* **Stored data**
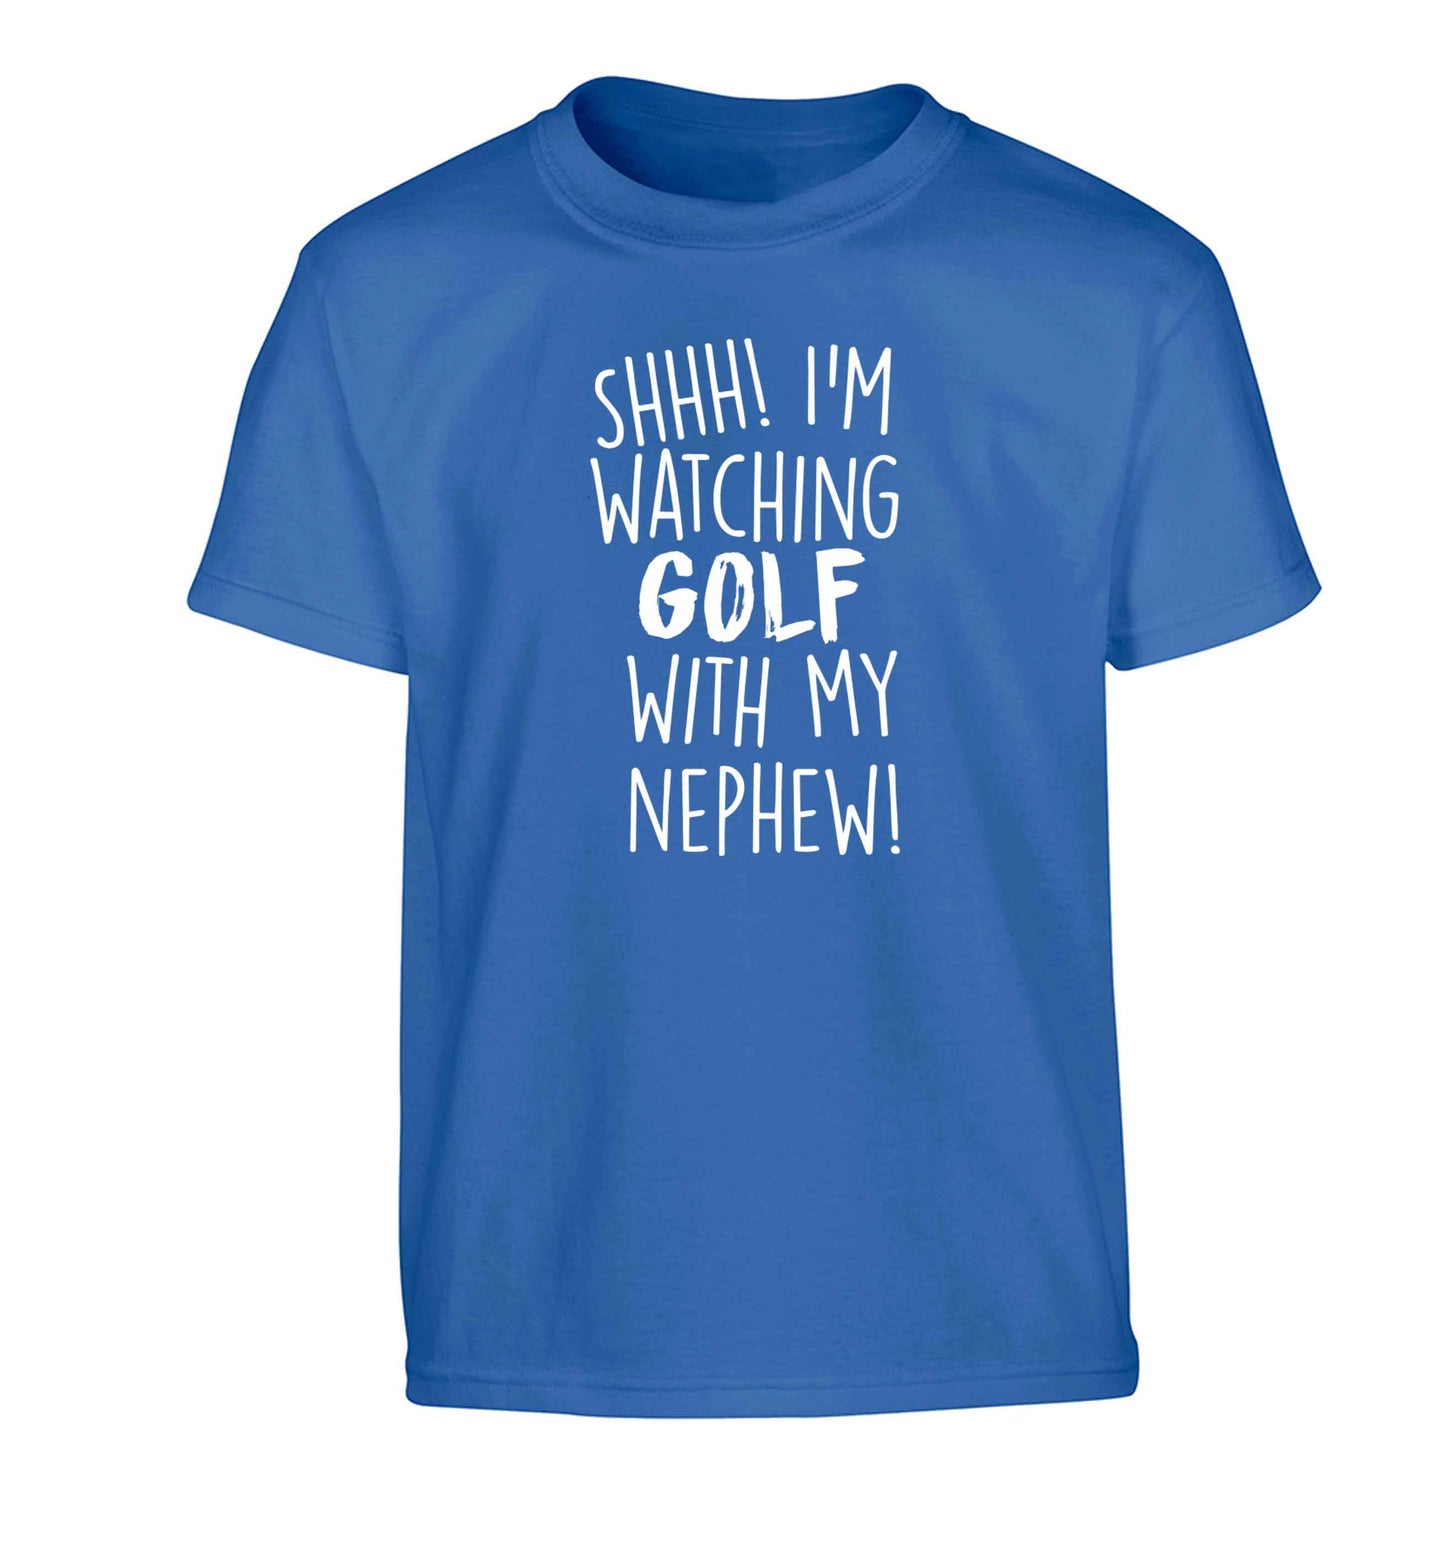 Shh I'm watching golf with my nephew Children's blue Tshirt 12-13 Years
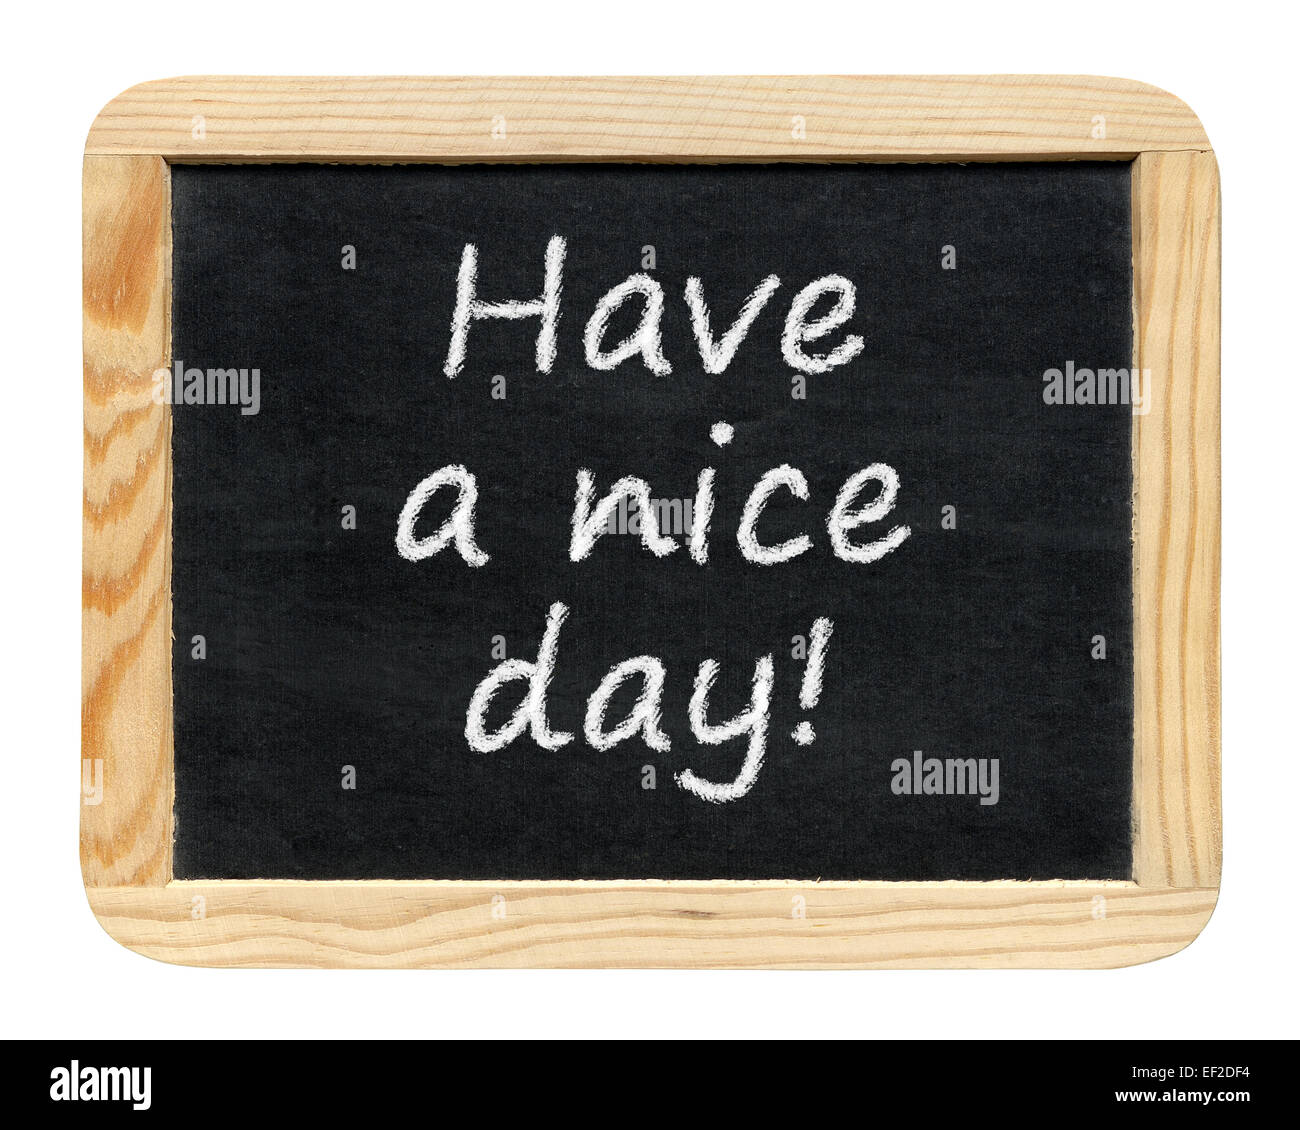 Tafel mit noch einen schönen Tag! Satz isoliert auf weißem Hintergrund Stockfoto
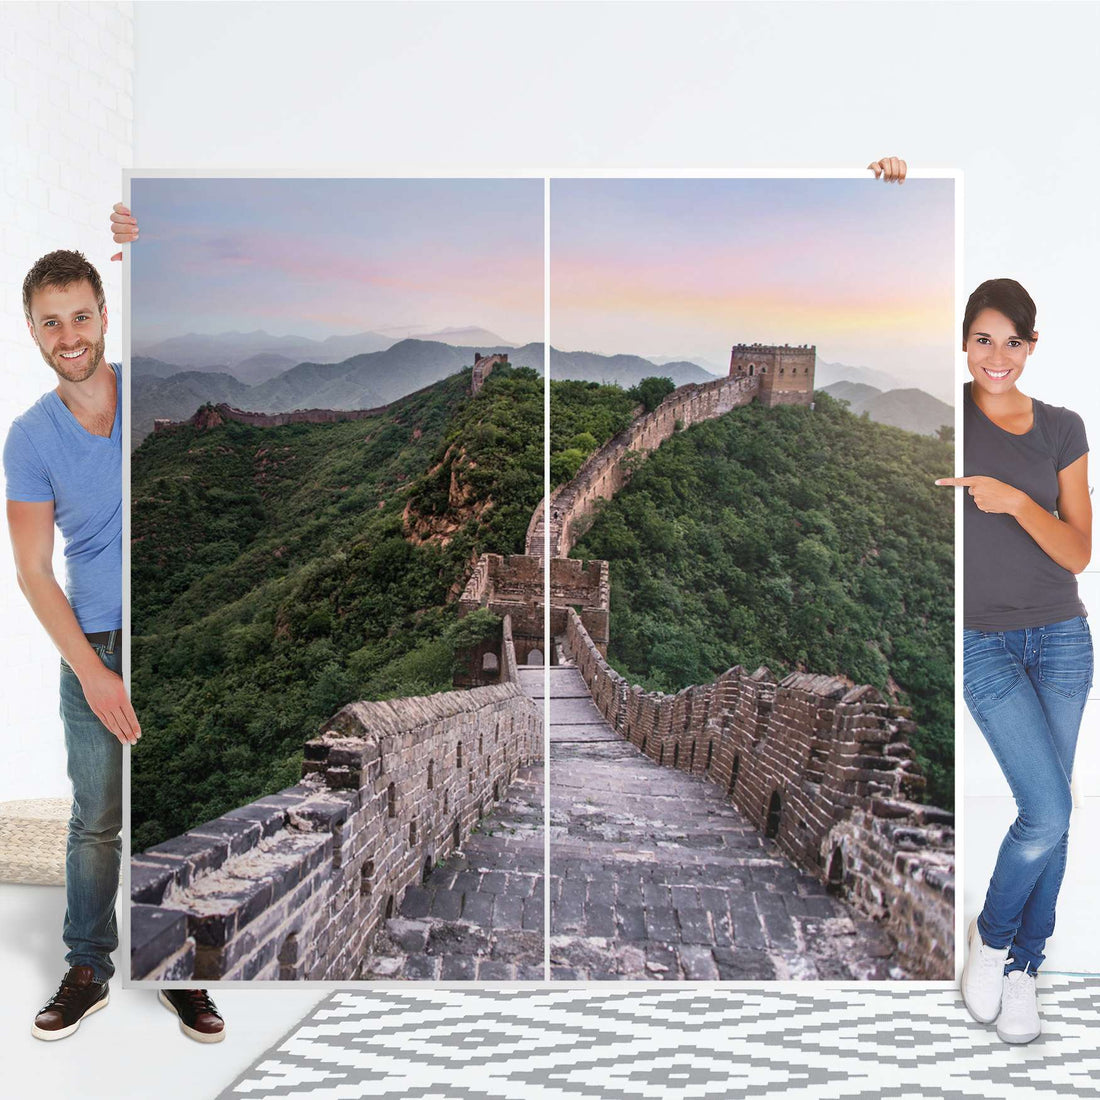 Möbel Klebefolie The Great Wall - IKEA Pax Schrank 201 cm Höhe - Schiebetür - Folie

* **Requirement**
Return the full set of lines above word for word and with no pictures.

* **Solved exercise**
 Shh I'm watching golf with my nephew Children's blue Tshirt 12-13 Years
 Tafel mit noch einen schönen Tag! Satz isoliert auf weißem Hintergrund Stockfoto
 Möbel Klebefolie The Great Wall - IKEA Pax Schrank 201 cm Höhe - Schiebetür - Folie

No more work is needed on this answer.